– Он у меня любит читать, – сказала она, – и я ему принесла ему его любимого Павича. Передайте ему и скажите… – Уличив себя в беспардонной оплошности, она никому ничего не передала. – Нет, Павича, он теперь не осилит, впустую я его сюда принесла. Но с другой стороны после такой ночи хоть немного соображать – уже успех… И я соображаю… Придумала! Передайте ему моего Сидни Шелдона, с ним-то он справится.
– Но читать ему категорически…
– Послушайте, доктор – Сидни Шелдон же…
– Сидни Шелдона можно, – согласился врач.
Разрешая ее мужу вникать в приличествующую его состоянию литературу, Леонид Сергеевич окажет ему всю возможную помощь, но своему крестнику Алексею Сликову не может помочь даже он: из кипящего молока не выудишь хохочущую ящерицу, аллегории… мефистофельская комбинаторика: ее не удержишь на цепи, по-настоящему верны только мертвые; примерный студент Алексей Сликов не хочет женщину. Раньше он не хотел женщину лишь в тех случаях, когда он совсем недавно с ней был, теперь просто не хочет, и все это началось с тех пор, как в Алексея Сликова попал мяч.
Алексей играл за сборную института против идейных сподвижников неконкурентноспособного авторитета Мирона «Половца»; едва в Кузьминки прилетали первые грачи, Мирон веско говорил подвыпившей братии: «Весна. Грачи улетели», и многократно проверенный трус «Трамвай» Буераков непонимающе возмущался: «Так прилетели же!», и Мирон бил его по загривку, безапелляционно утверждая: «Но чтобы прилететь к нам, они же откуда-то улетели»; мяч попал Сликову никак не в пах, но женщину он все равно не хочет – это же рог Роланда, думал Алексей, нетерпимая импульсивность; будь я капитаном команды на Кубке Дэвиса, я бы в качестве покрытия выбрал бы воздух, и взгрустнулось бы тогда моим бесам, от моей лютой благости щетина на моем лице росла бы вовнутрь; сознаюсь – я канат, но я позволю пройти по мне не всякому канатоходцу, бизнесмены выпили у Дилана все вино и лучше бы вообще не жить, но ведь живем же. И еще как живем! хватит восторгов и соплей: первый звон церковных колоколов я расценю как знак, что пора закругляться.

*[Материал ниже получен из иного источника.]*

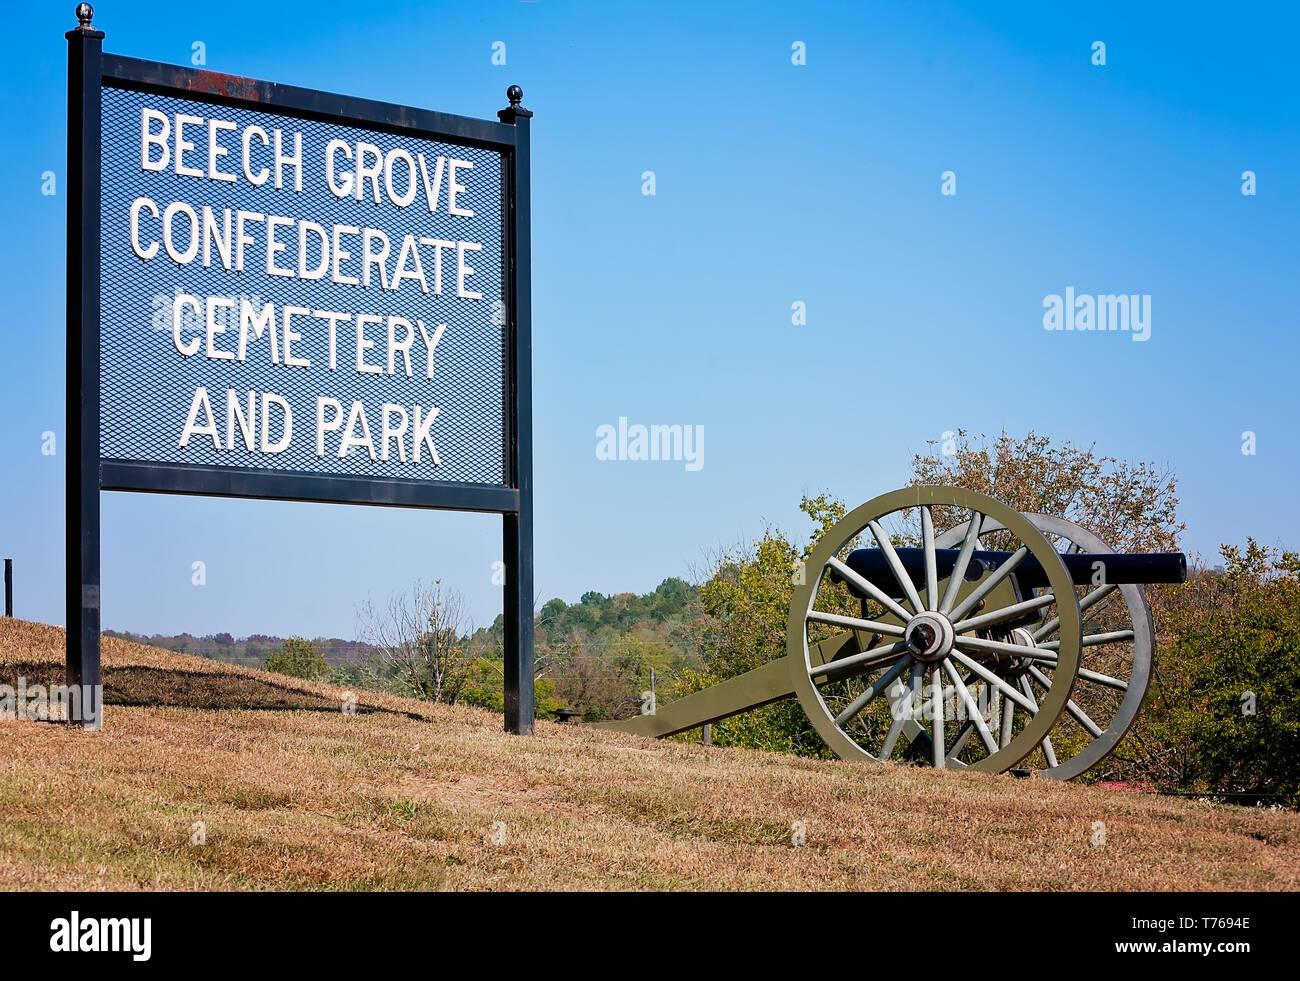 Die Beech Grove konföderierten Friedhof und Park Eingang Zeichen ist neben einem Bürgerkrieg cannon, Oktober 7, 2010, in Beechgrove, Tennessee angezeigt. Stockfoto

Пора, так пора – живем и живем неплохо, но лишнего нам не надо…. в Алексея Сликова попал мяч. Он попал ему в голову: летел к северу, попал в голову, отскочил на восток.

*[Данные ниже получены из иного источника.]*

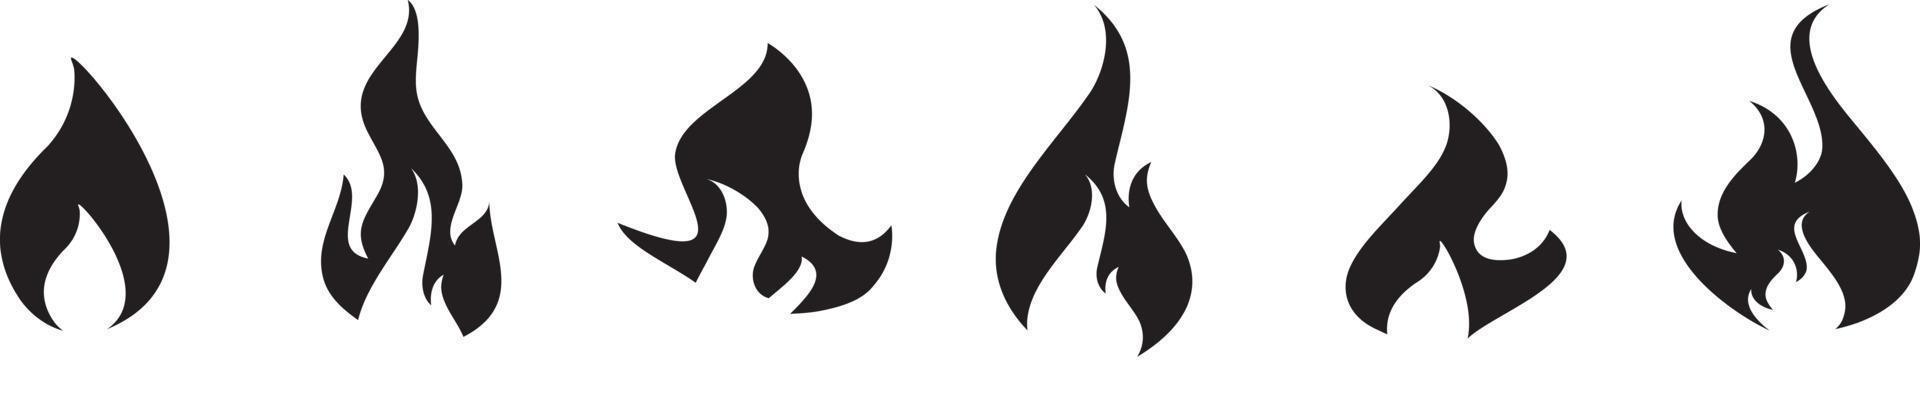 colección de iconos de fuego. símbolo de llama de fuego. logotipo de silueta de hoguera. símbolos de llamas establecen estilo plano - vector de stock.

Не задев окопавшегося там Фролова.
Перед ним настольная лампа.
Фролов зажмурил глаза и представил словно бы он уже умер; где-то в глубине души Фролов осознает, что, выиграв, он отправляется в последнее путешествие, и ему не стало бы хуже, если бы он не вернулся: в лицо ему мягкий свет.
Страшно зажмуренные глаза, космическое обаяние мягкого света, высокие образцы любовной поэзии вакуума; Фролов все еще представляет свое последнее путешествие, но жмуриться ему не от чего – темень… не просматривается никакого мягкого света. Неужели я прибыл? – подумал Фролов. По дороге светло, а как прибыл, ситуация моментально прояснилась: темно на том свете. Почва для каких-то мелких иллюзий раскопана лишь на дороге. Действительно ли он умер, Фролов пока не разберет – вариантов немного. Здесь судьба к нему благосклонна; она не нервирует Фролова особым богатством выбора: или умер, или лампа перегорела.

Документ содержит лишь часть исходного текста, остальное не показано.